“I’m going to beg you every single day for the rest of time. The entire world is yet to come and we’ll never be part of it. Kayla will die and I’ll die and that will be all. Do you understand?” He began to cry. “It will never matter that we existed.”
“Help,” my mother said.
“We all have the right to love something more than ourselves,” Hersh said quietly. “We all have the right to die of sorrow when something happens to our babies.”
“You want my daughter so you can lose her?” my mother asked.
“I want your daughter so I can keep from losing her. So I can break my fingers if it helps her. So I can bury my face in her hair when I sing to her. So my wife does not turn to dust. Give us hope. Perl, my sister, give us something to pray for.”

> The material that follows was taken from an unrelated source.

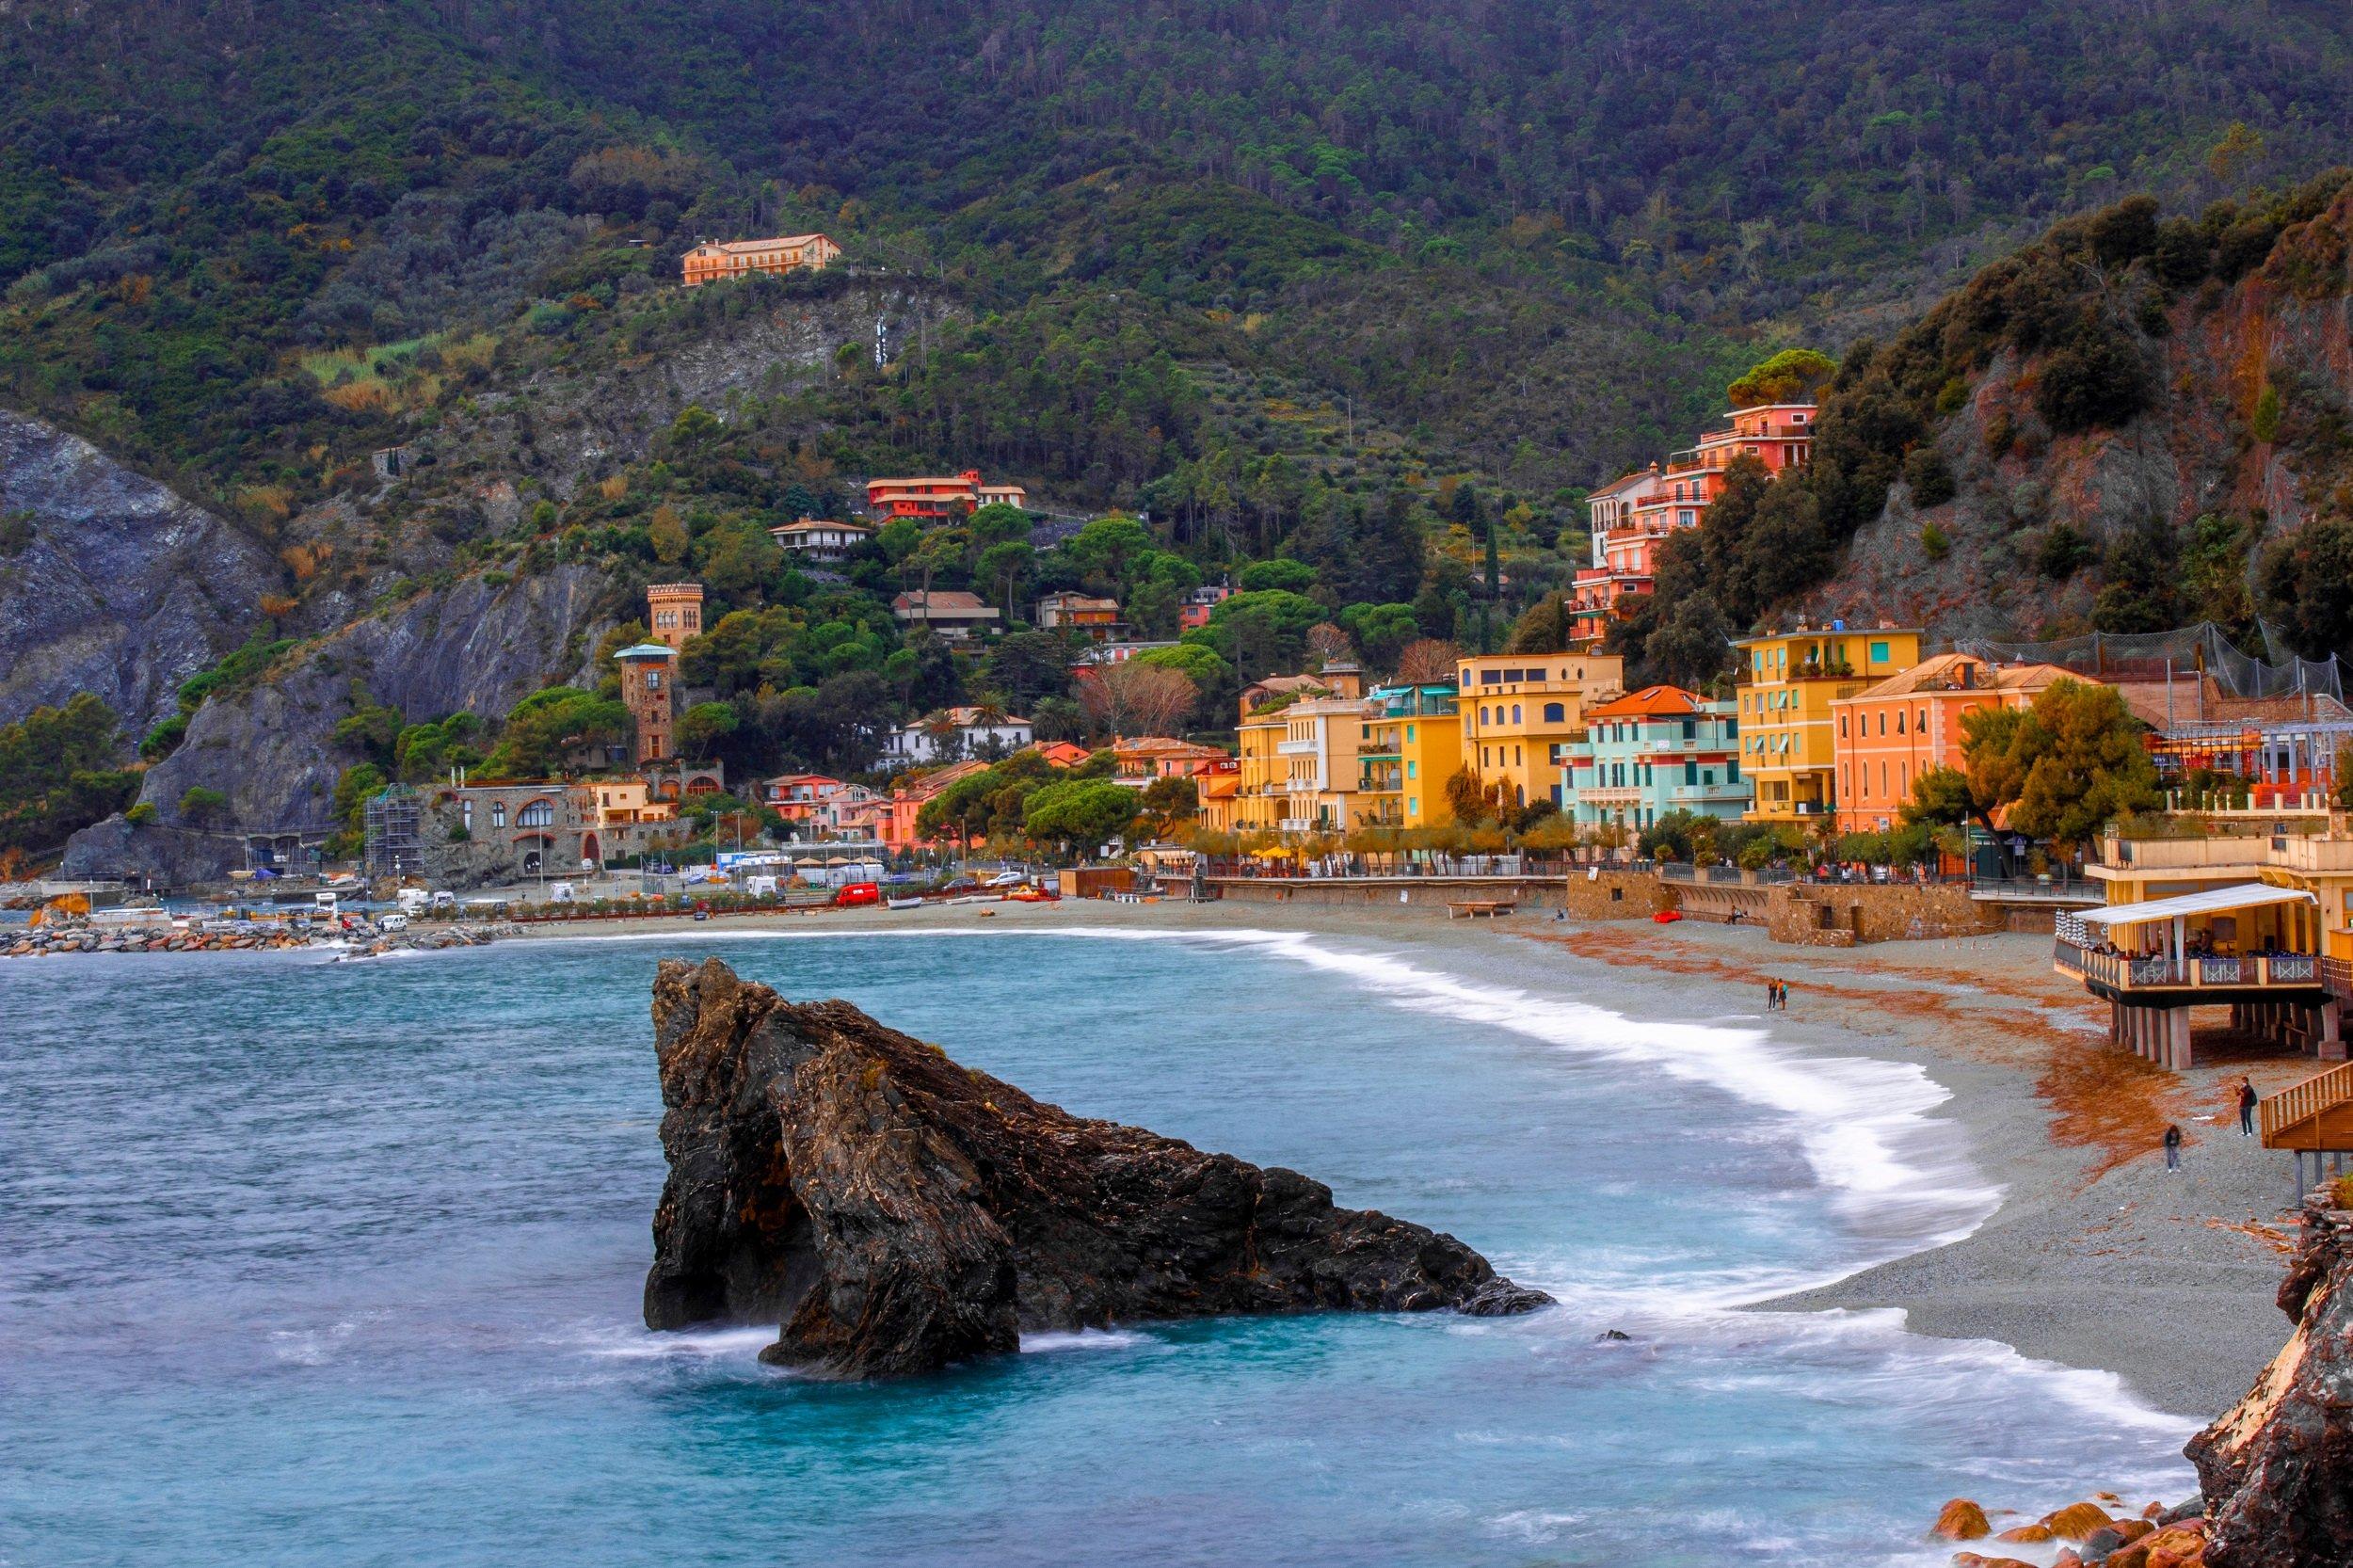 Cinque Terre Sunset Kayak Tour & Aperitif From Monterosso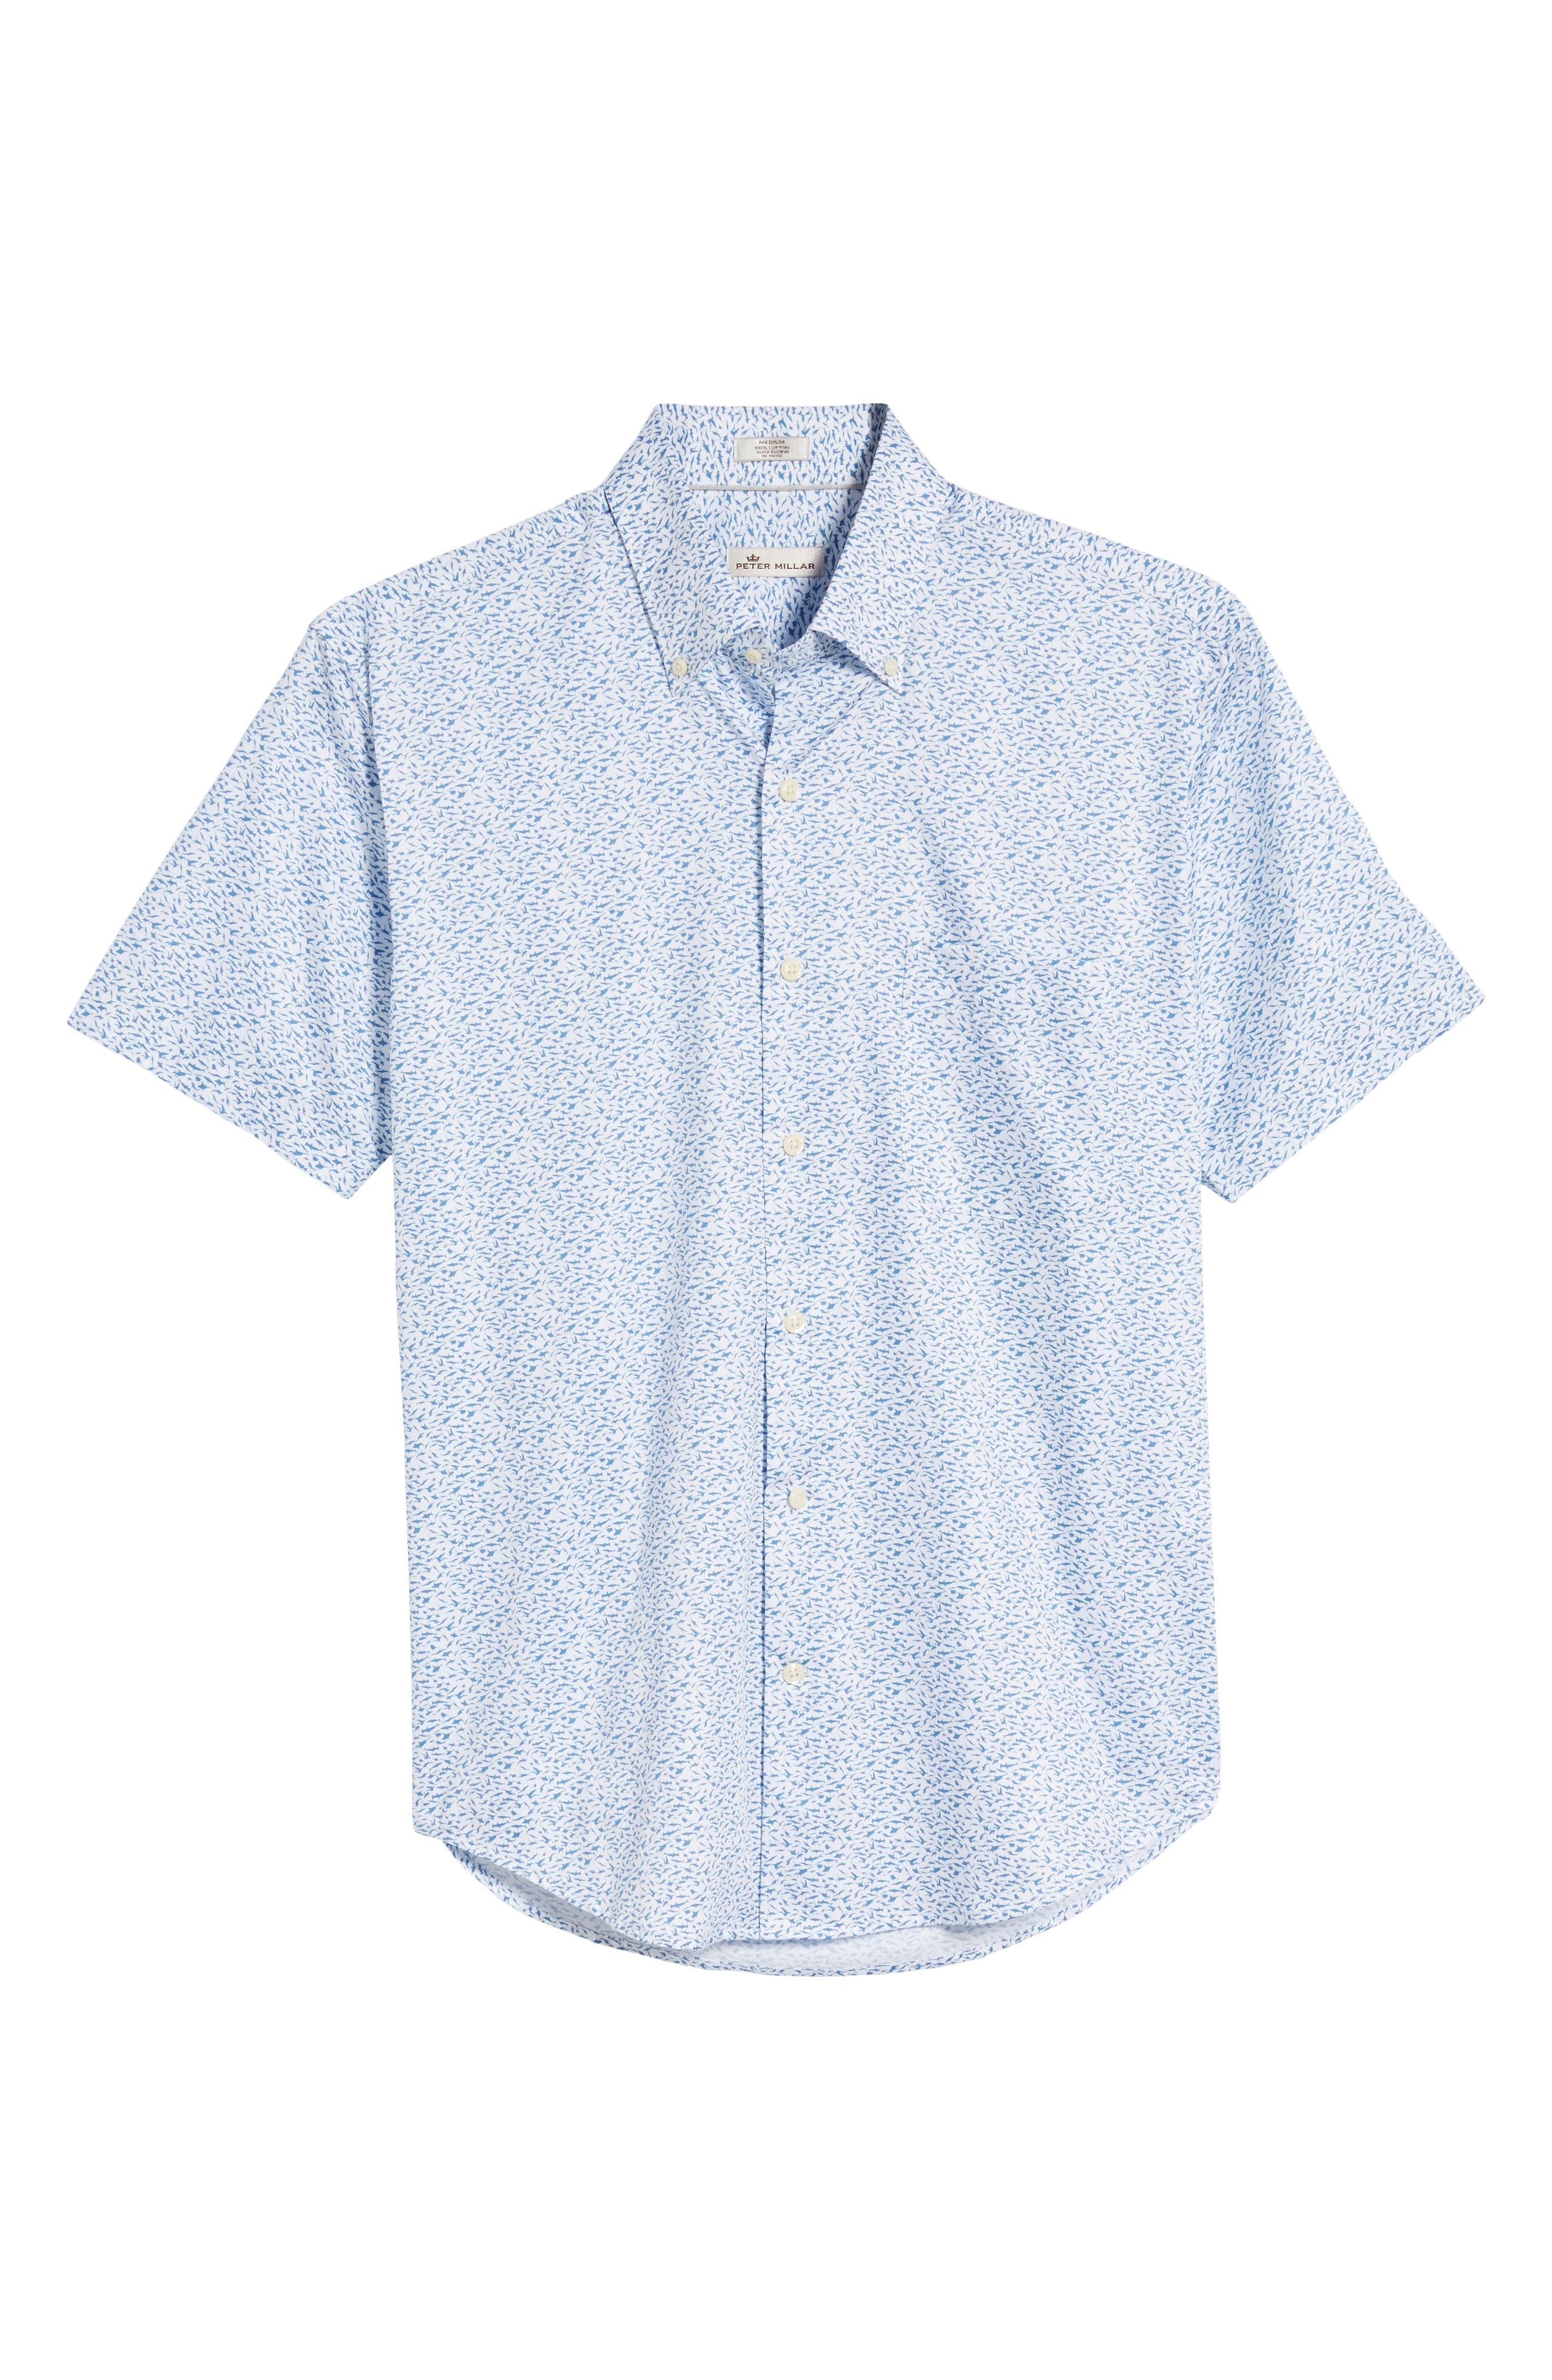 Hammer Time Regular Fit Print Sport Shirt,                             Alternate thumbnail 6, color,

My mother looked at the heads rolling everywhere in the house. Two cabbages were resting against the big blue door, like dogs waiting to go out. I could tell that our mother’s own head was thick, filled up with mud. The mud wrapped its big, suffocating arms around every logical thought.
“Come back tomorrow,” my mother said.
I ran out the door and down the street. My feet smacked the puddles hard. I thought about running away forever, except that the whole point was to be home. I spotted my father in the square near the statue of the long-dead war hero with a bunch of other rain-wet men. I wrapped my arms around my father’s leg. He looked at me in confusion, but then patted my head and said hello. He did not know that a deal was under way to sell one of his children. The men, having finished their lunches but unready to return to work, were arguing over the fate of a typewriter. Around us, people walked from shop to shop, carrying baskets and bags of supplies. There were weak fingers of light coming through the spaces between buildings. The baker held the old black typewriter, tapping the S key with his ring finger. Should this be part of the new world? Should it be thrown to the bottom of the river, as the butcher suggested? Should it be stomped to bits and sprinkled over the tomato gardens? Should it be encased in glass and viewed as a museum object — evidence of an unknown time? Or should it be what the barber said it was — a clacking record keeper, inherited and benign?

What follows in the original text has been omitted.